Instructions to follow
Leave the images aside and repeat the whole listing exactly.

Exercise data
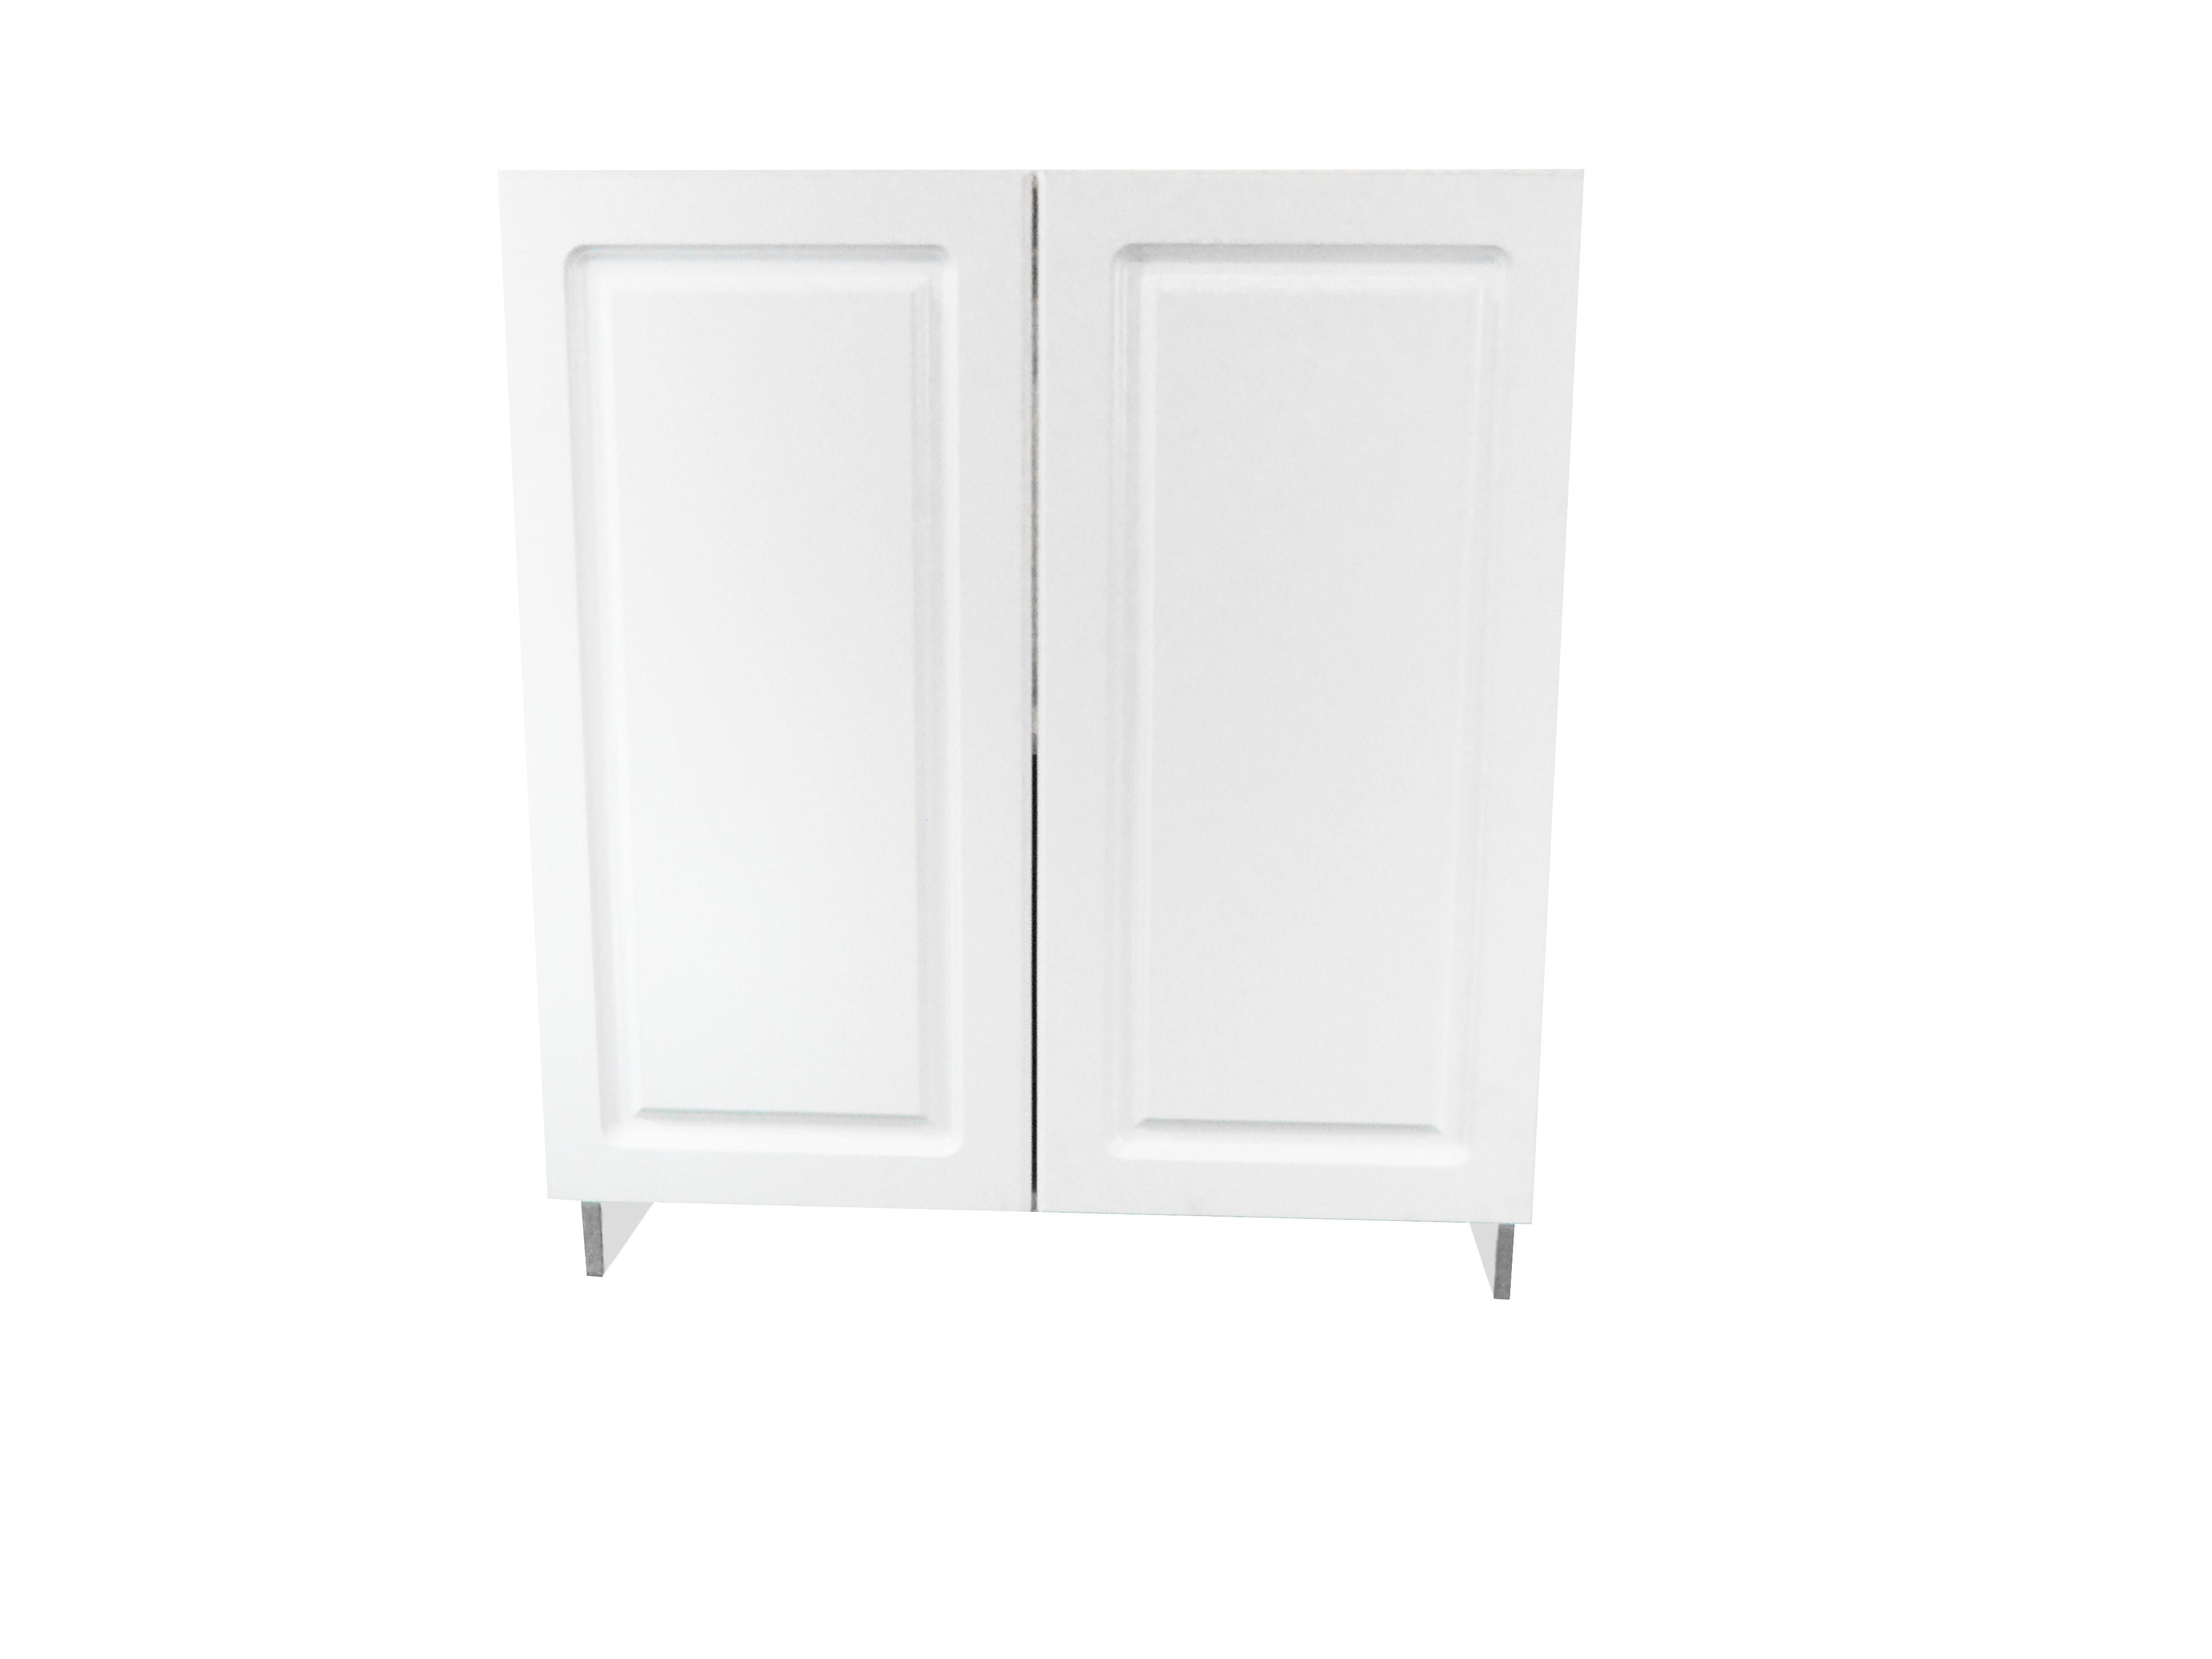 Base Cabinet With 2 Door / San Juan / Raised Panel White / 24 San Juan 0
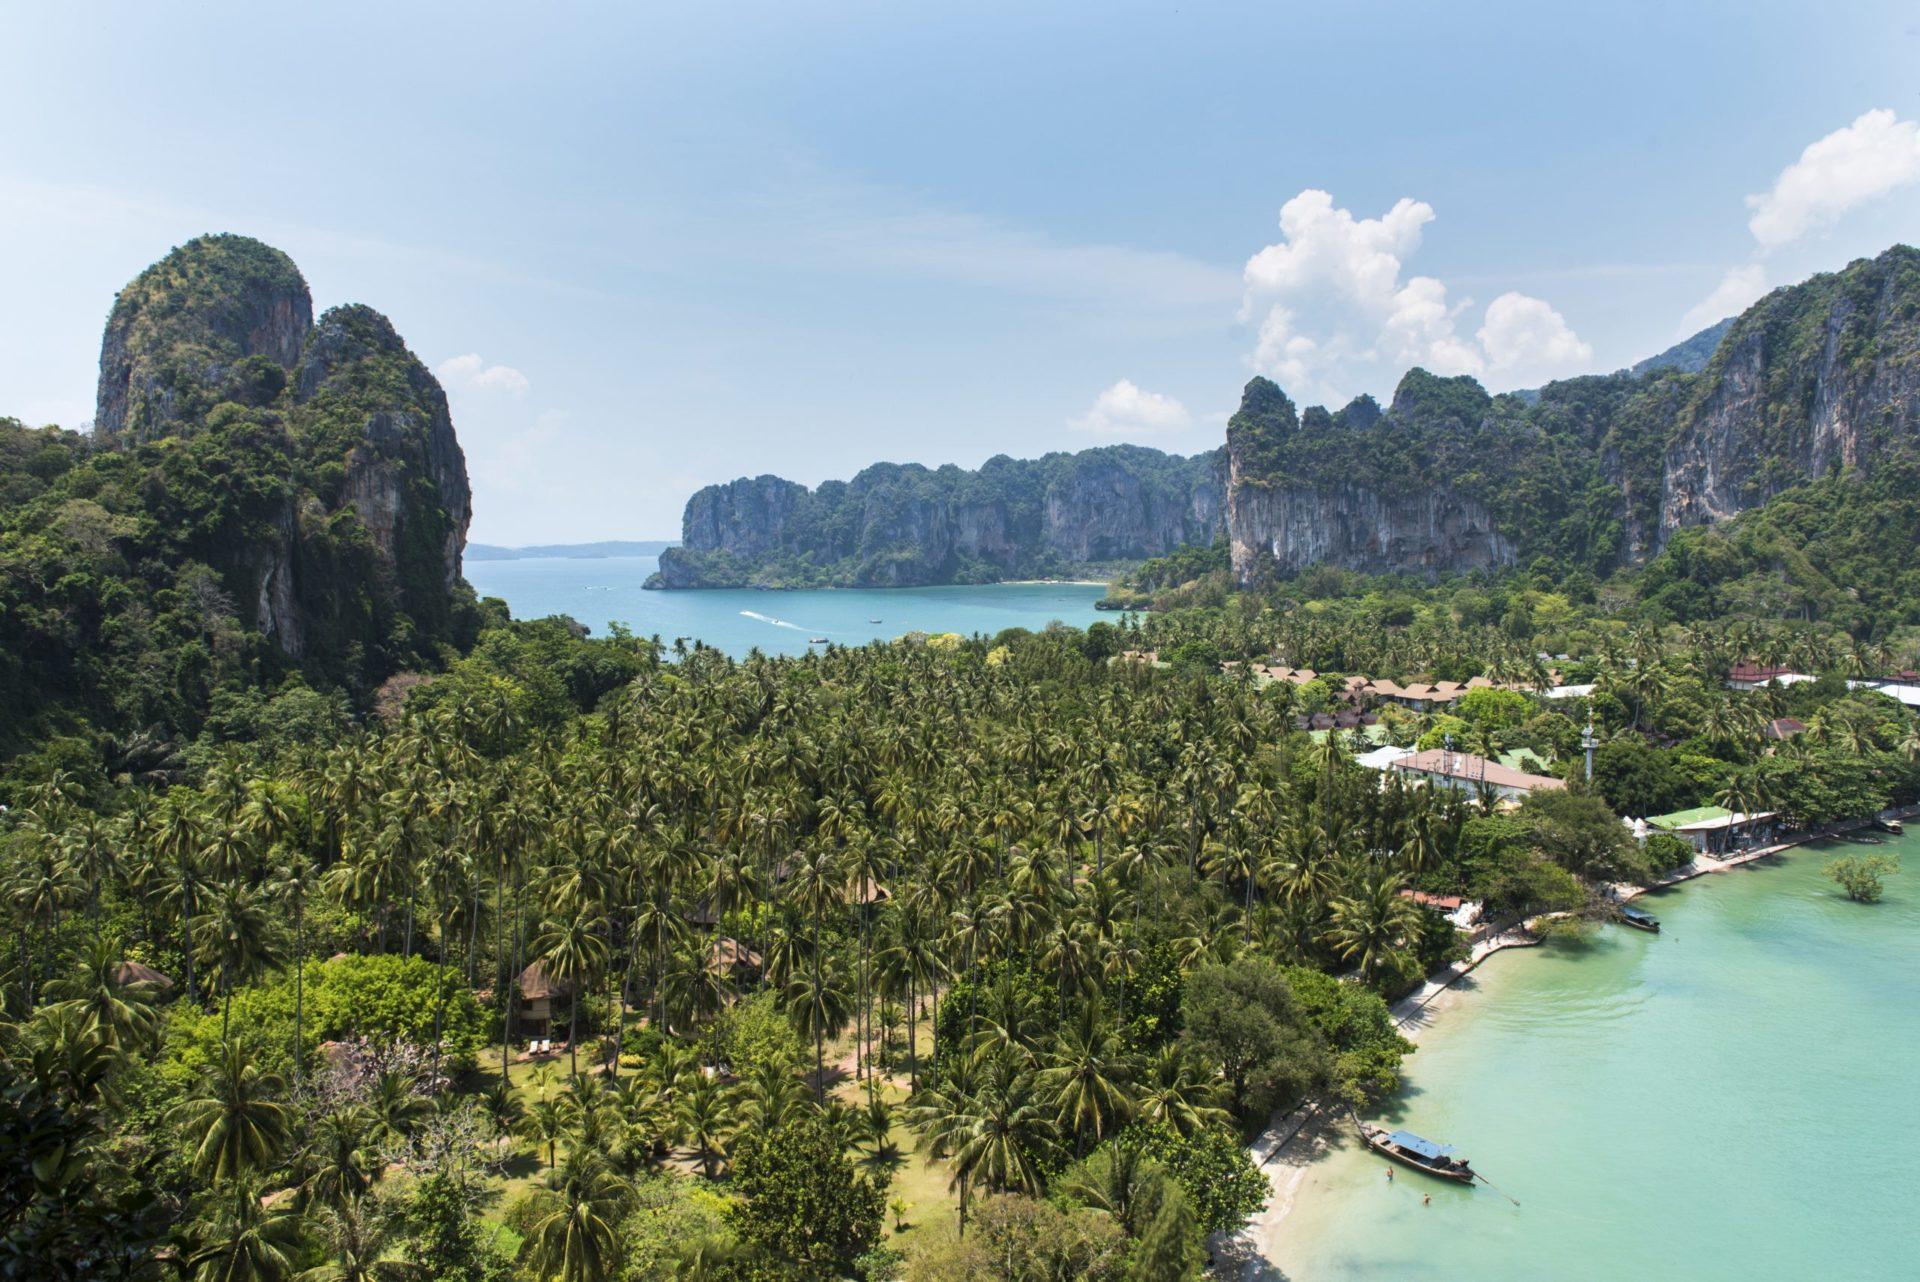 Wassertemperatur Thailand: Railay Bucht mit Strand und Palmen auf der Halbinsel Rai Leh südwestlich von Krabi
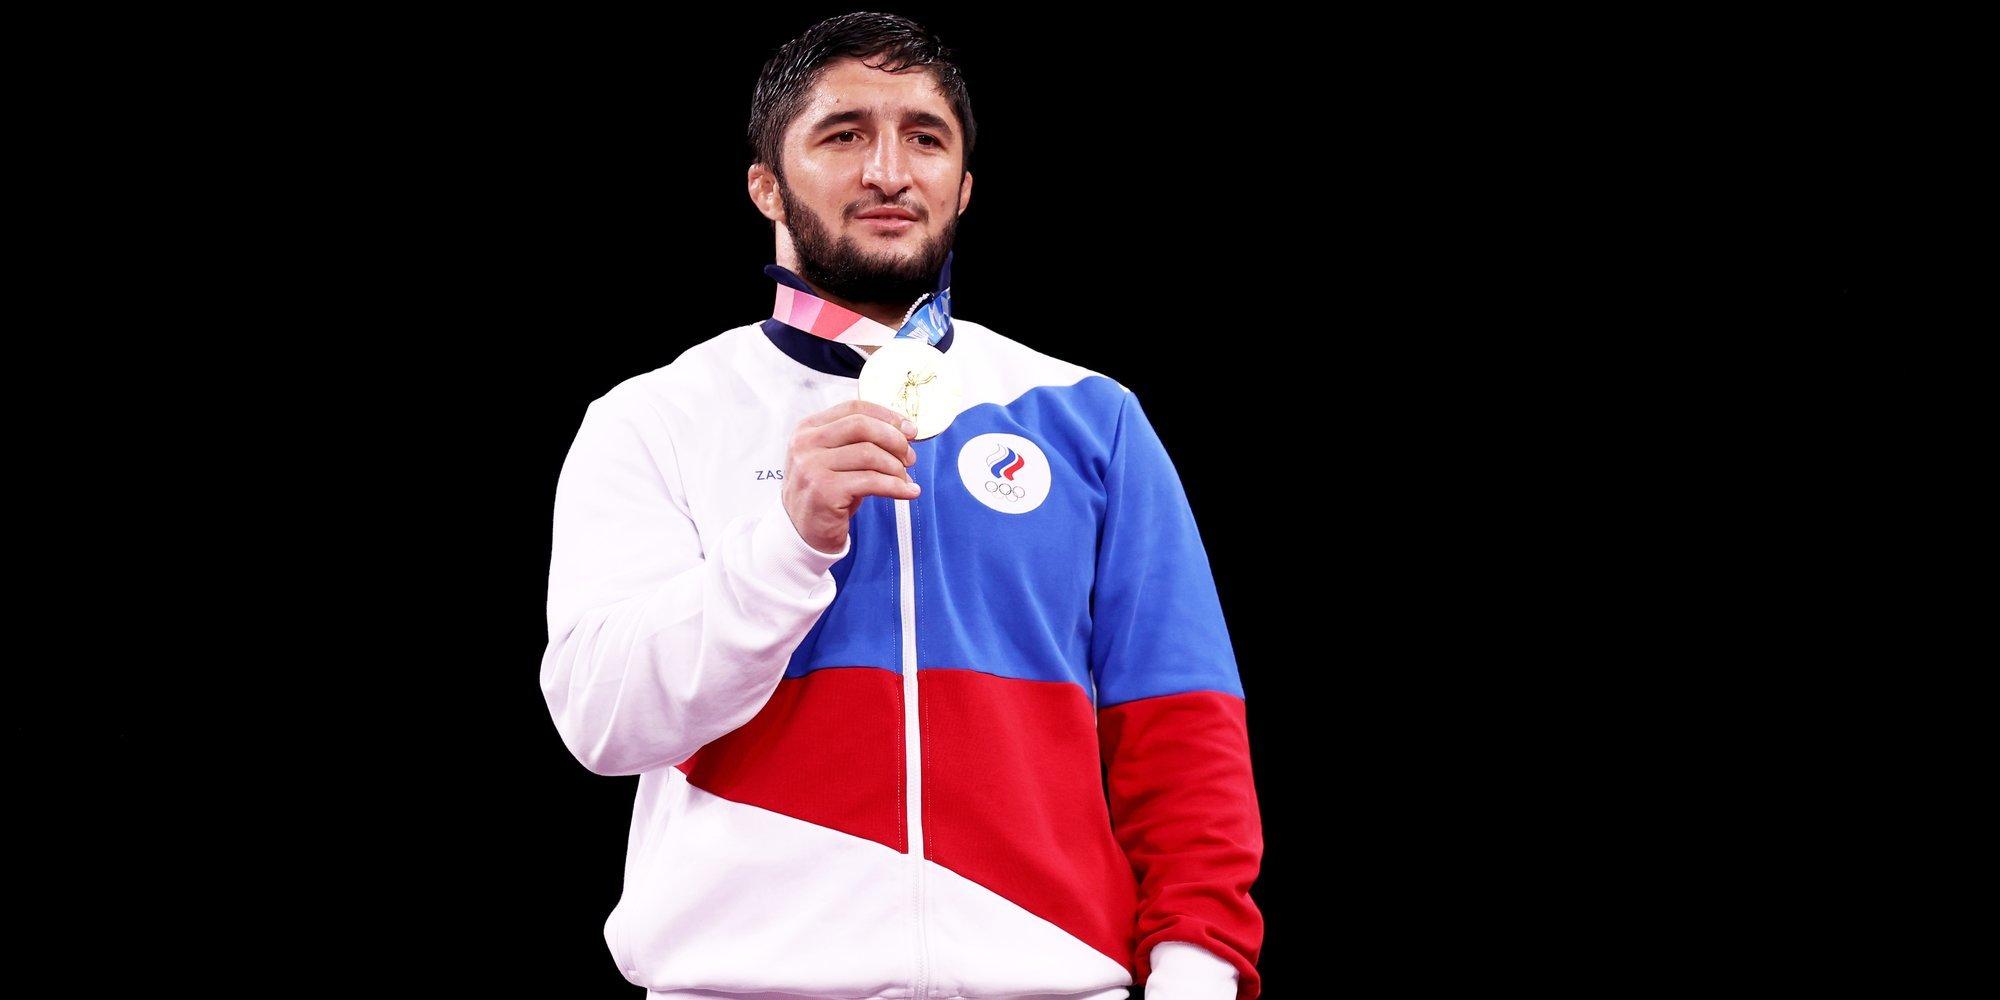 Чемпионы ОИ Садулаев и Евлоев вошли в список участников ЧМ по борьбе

Answer
 Base Cabinet With 2 Door / San Juan / Raised Panel White / 24 San Juan 0
 Wassertemperatur Thailand: Railay Bucht mit Strand und Palmen auf der Halbinsel Rai Leh südwestlich von Krabi
 Чемпионы ОИ Садулаев и Евлоев вошли в список участников ЧМ по борьбе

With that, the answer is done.